Actually, I'm going to do @morganL one better.

Please take a few moments to review the Forum Rules, conveniently linked at the top of every page in red. Included within is a description of how to post a good request for help, which includes a description of your hardware, your software, other important items such as pool configuration, what you are using it for, what's happened, etc.

These bits of information serve as a backdrop to your crisis, and help people understand what is going on. Those bits of information may all seem incredibly obvious to you, but it is not incredibly obvious to anyone else. It is better to provide a bit too much information than too little; if you provide too little information, many people will skip over your message, finding it frustrating to speculate about what might have happened to you.
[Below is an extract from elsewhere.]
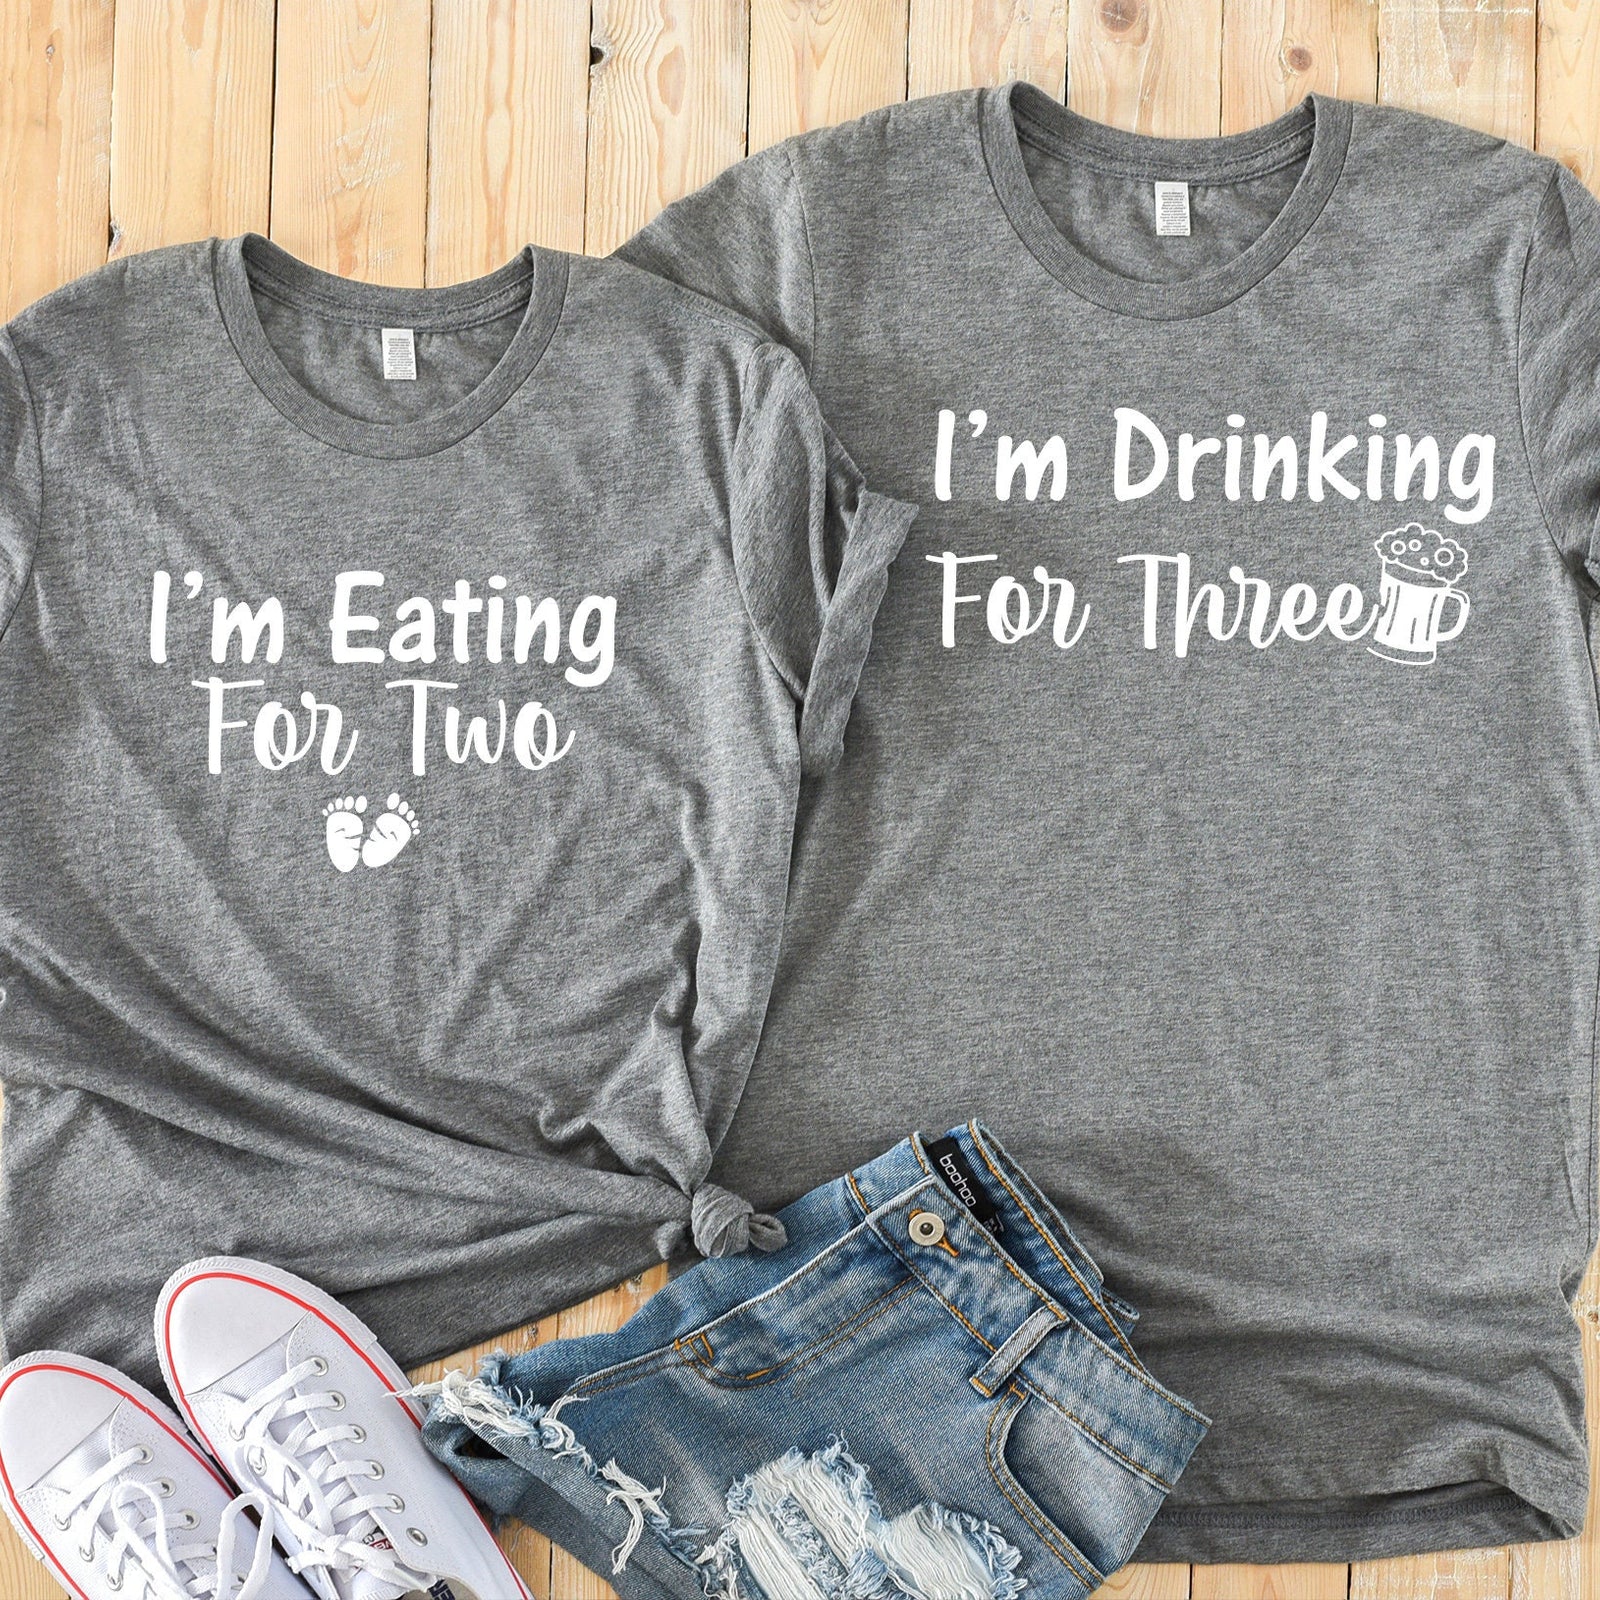 I'm Eating for Two and I'm Drinking for Three T Shirts - Cute Pregnancy Shirt - Funny Baby Announcement Shirt

When you provide too much information, you've still given us the stuff we need, and forum members have a good history of digging into the gory details to find those key clues. We cannot do that if you do not provide them.
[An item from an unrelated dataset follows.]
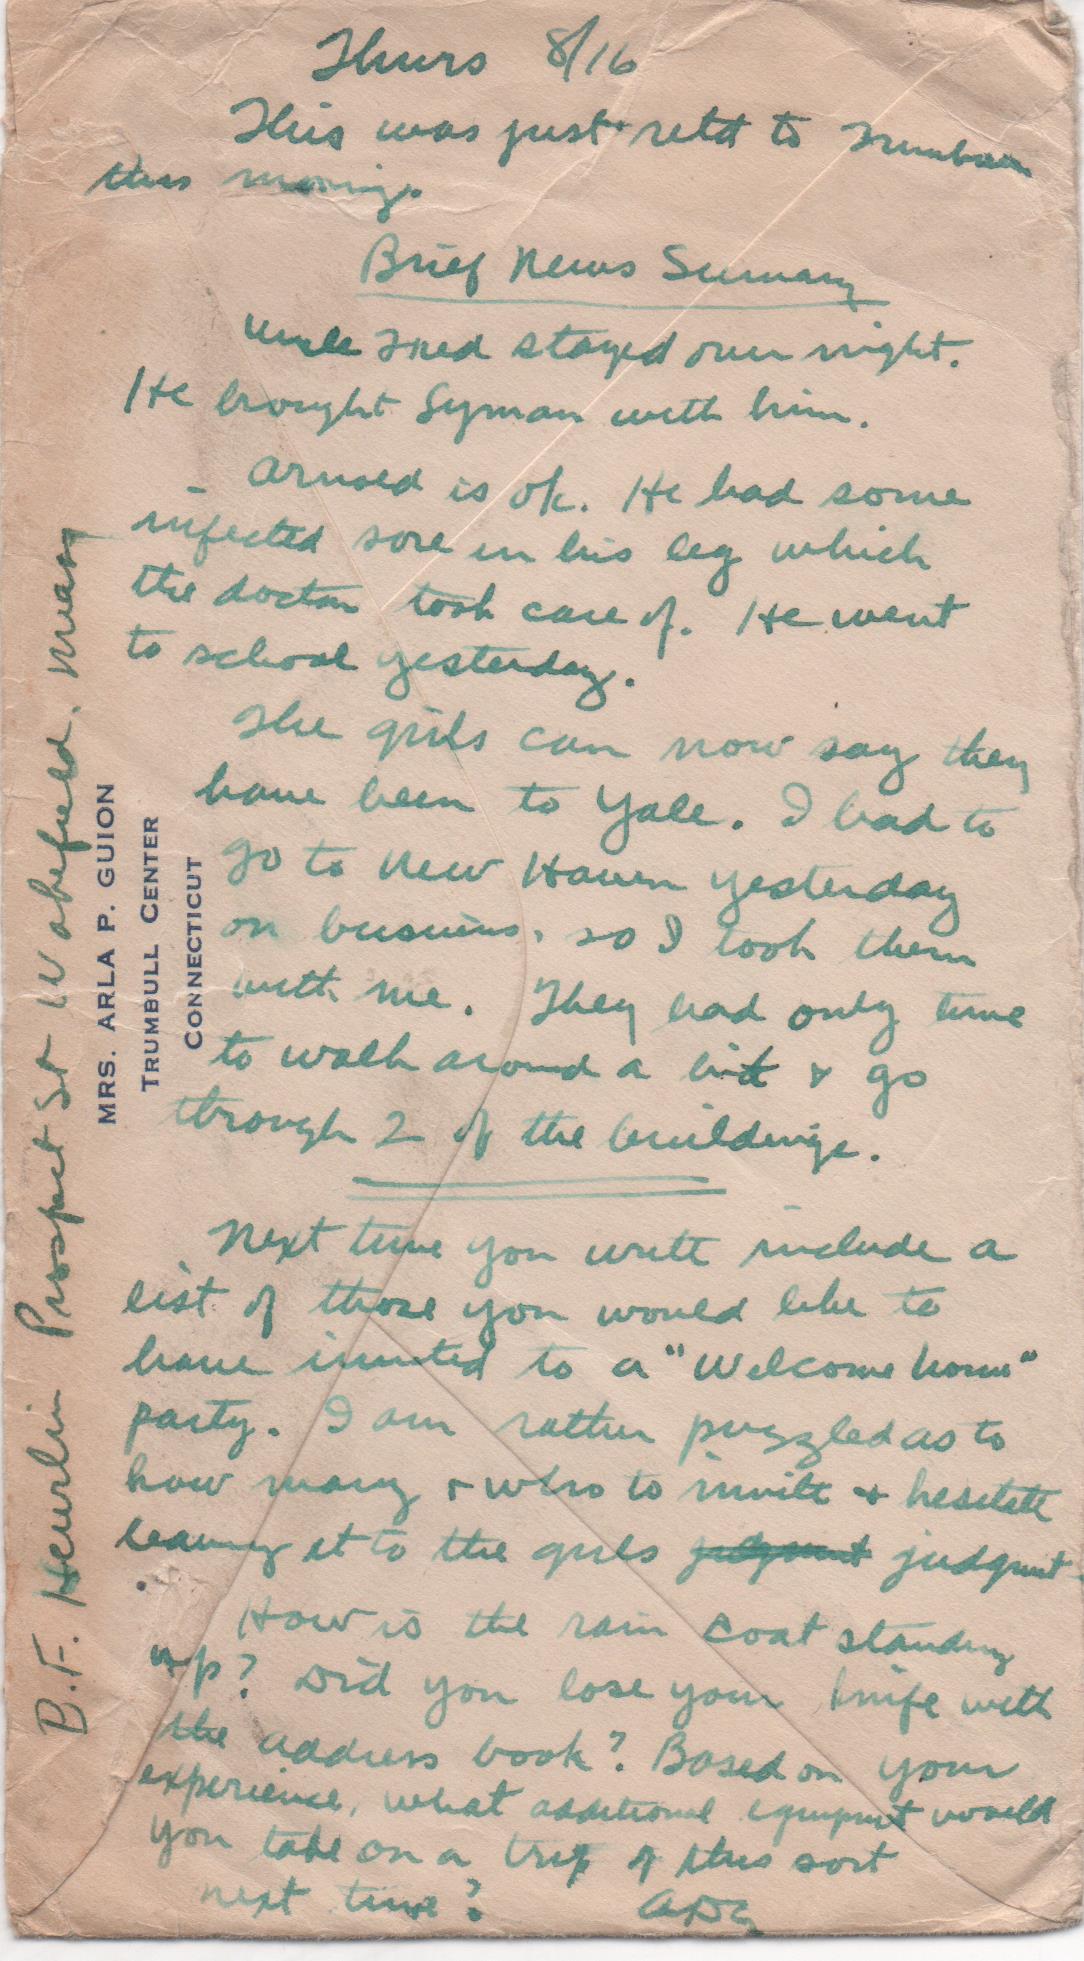 CDG - Lost letter (Note) - July 30, 1934

Please take a few moments to post details about your system, what's transpired, what you are doing with the pool, and related stuff. Help us help you!

Thanks.

A.LeMinh · Feb 23, 2021

Hello and thanks,

here is my hardware&SW:

I'm actually using a VM spawned in an OVIRT environment

HW:
Motherboard: ASRock H470M-ITX/AC
RAM: 32GB (16x2) working at 2666MHz
Storage:
- 2 Mechanical Disks Seagate Technology - IronWolf NAS da 3,5 (4TB each)
- 2 Solid State Disks Samsung Evo 860 (500GB each) (RAID 10 SW aggregated for the Storage_domain A)
- 2 Transcend M.2 NVMe (120GB each) (1 for Hypervisor OS and one for the Storage_domain B )
NET: 1 link 1Gbit
CPU: Intel Core i5-10400

VM:
the Vm was:
RAM: 8GB
Vcpu: 4
Storage:
- 2 Mechanical Disks presented as direct Lun
- 2 Vdisks 20GB each as LOG (from the Storage_domain A)
- 1 Vdisks 20GB each as CACHE (from the Storage_domain A)

the Pool:
I use the Pool to store home documents and pictures it has, if I can remember well, 6 dataset

What Happened:
1) I was Migrating all the disks of the storage_domain A to the storage_domain B through the Ovirt Migration Tool and unfortunately 2 Disks (the LOG ones) went "Broken"
2) The Vm was not able to start again (because of the "Broken" vdisks) so I detached them and start the vm
3) I detached one of the mechanical to use the space for another recover
3) I mounted the Pool with the "-f -m" option but I was overconfident and
- I put offline/detach/remove with success one of the mechanical disks
- I attached 1 new disk from the storage_domain A to the ZIL
- I tried to put offline/detach/remove the unavailable original 2 disks without success
- I thought that the environment was stable and I planned I clean reboot
- After the reboot unfortunately the import operation failed as shown

thank you very much it was my very first post :)

morganL · Feb 24, 2021

Great write-up, but a very complex situation. So each of the original mechanical disks should be one side of a single VDEV mirror?

SweetAndLow · Feb 24, 2021

A.LeMinh said:
I'm actually using a VM spawned in an OVIRT environment

Lol virtual disks. That's never going to play nice with zfs. You're probably dead in the water

morganL · Feb 25, 2021

I was looking here: https://www.freebsd.org/cgi/man.cgi?zpool(8)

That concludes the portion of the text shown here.